World indoor champion Bryce Hoppel won the men’s 800 metres in a seasonal best of 1:43.68, ahead of Isaiah Jewett (1:44.02) and Jake Wightman (1:44.10).

Women’s 100 Metres

Melissa Jefferson won the women’s 100 metres in 11.27, edging out Morolake Akinosun by 0.01 seconds. Lanae Tava Thomas was third in 11.36.

Women’s Hammer Throw

Brooke Andersen, world champion in 2022, won the women’s hammer throw with a throw of 77.32m. DeAnna Price was second with 77.16m, followed by Camryn Rogers with 75.56m.

Men’s Hammer Throw

Mykhaylo Kokhan won the men’s hammer throw with 80.33m. Denzel Comenentia set a Dutch record of 79.09m to finish second.

Women’s 3000 Metres Steeplechase

Celli McCame won the women’s 3000 metres steeplechase in a national record of 9:20.58. Madison Boreman was second in 9:21.98.

Women’s Discus Throw

Olympic champion Valarie Allman won the women’s discus throw with a best of 67.93m. Yaimé Perez was second with 64.95m.

Men’s Discus Throw

Roger Stona won the men’s discus throw with a best of 66.93m, ahead of Claudio Romero (64.12m).

Women’s Pole Vault

Sandi Morris won the women’s pole vault with a clearance of 4.70m. Emily Grove was second with 4.48m.

Men’s Pole Vault

Ernest John Obiena won the men’s pole vault with a clearance of 5.80m, beating Simen Guttormsen who finished second with 5.70m.

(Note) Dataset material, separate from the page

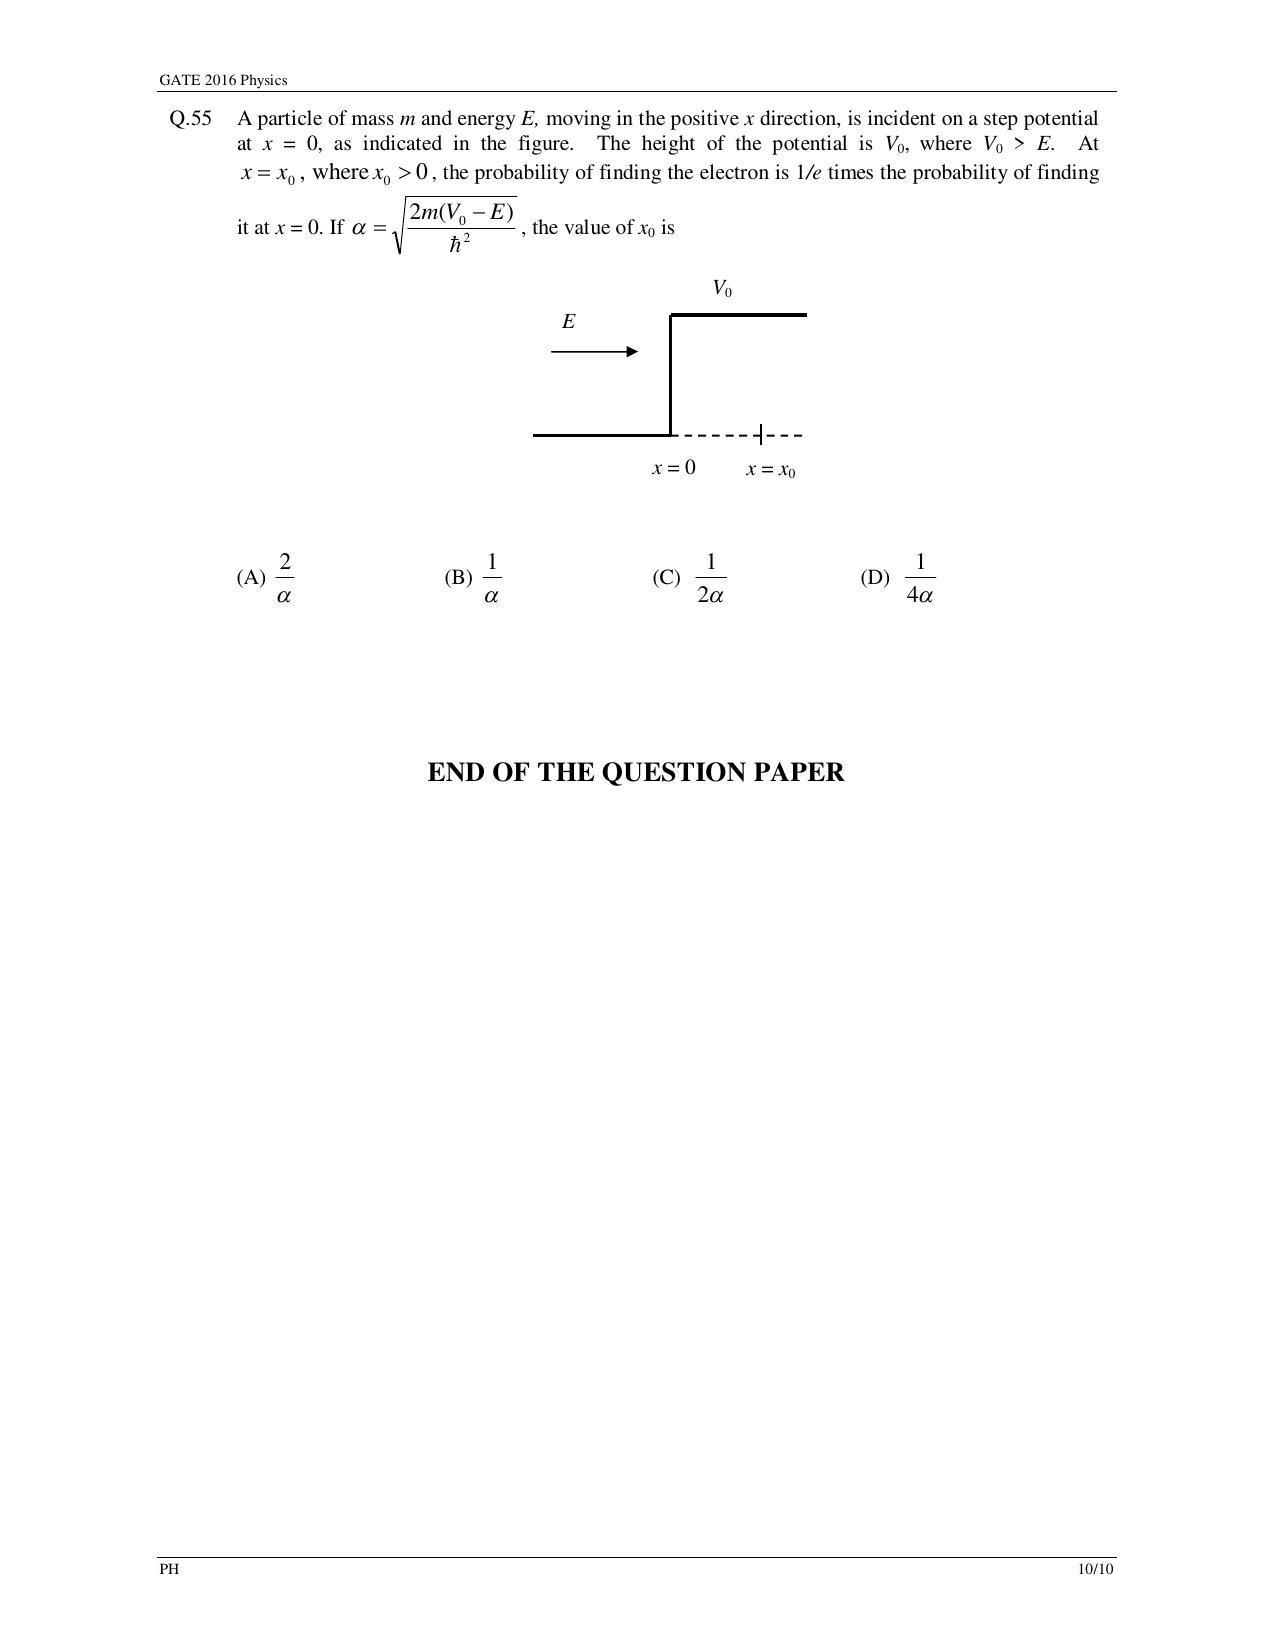 GATE 2016 Physics (PH) Question Paper with Answer Key - Page 13

Women’s 400 Metres Hurdles

Anna Cockrell won the women’s 400 metres hurdles in 53.75, beating Andrenette Knight (54.69) and Cassandra Tate (55.02).

Women’s Triple Jump

Thea LaFond won the women’s triple jump with a leap of 14.37m, edging out Shanieka Ricketts by 1 cm.

Men’s 1500 Metres

Oliver Hoare won the men’s 1500 metres in 3:34.73, narrowly beating Reynold Cheruyiot (3:34.83) and Matthew Centrowitz (3:35.16).

Men’s 3000 Metres Steeplechase

Jean Claude Despagnés of Canada won the men’s 3000 metres steeplechase in 8:16.49, with Matthew Wilkinson second in 8:16.59.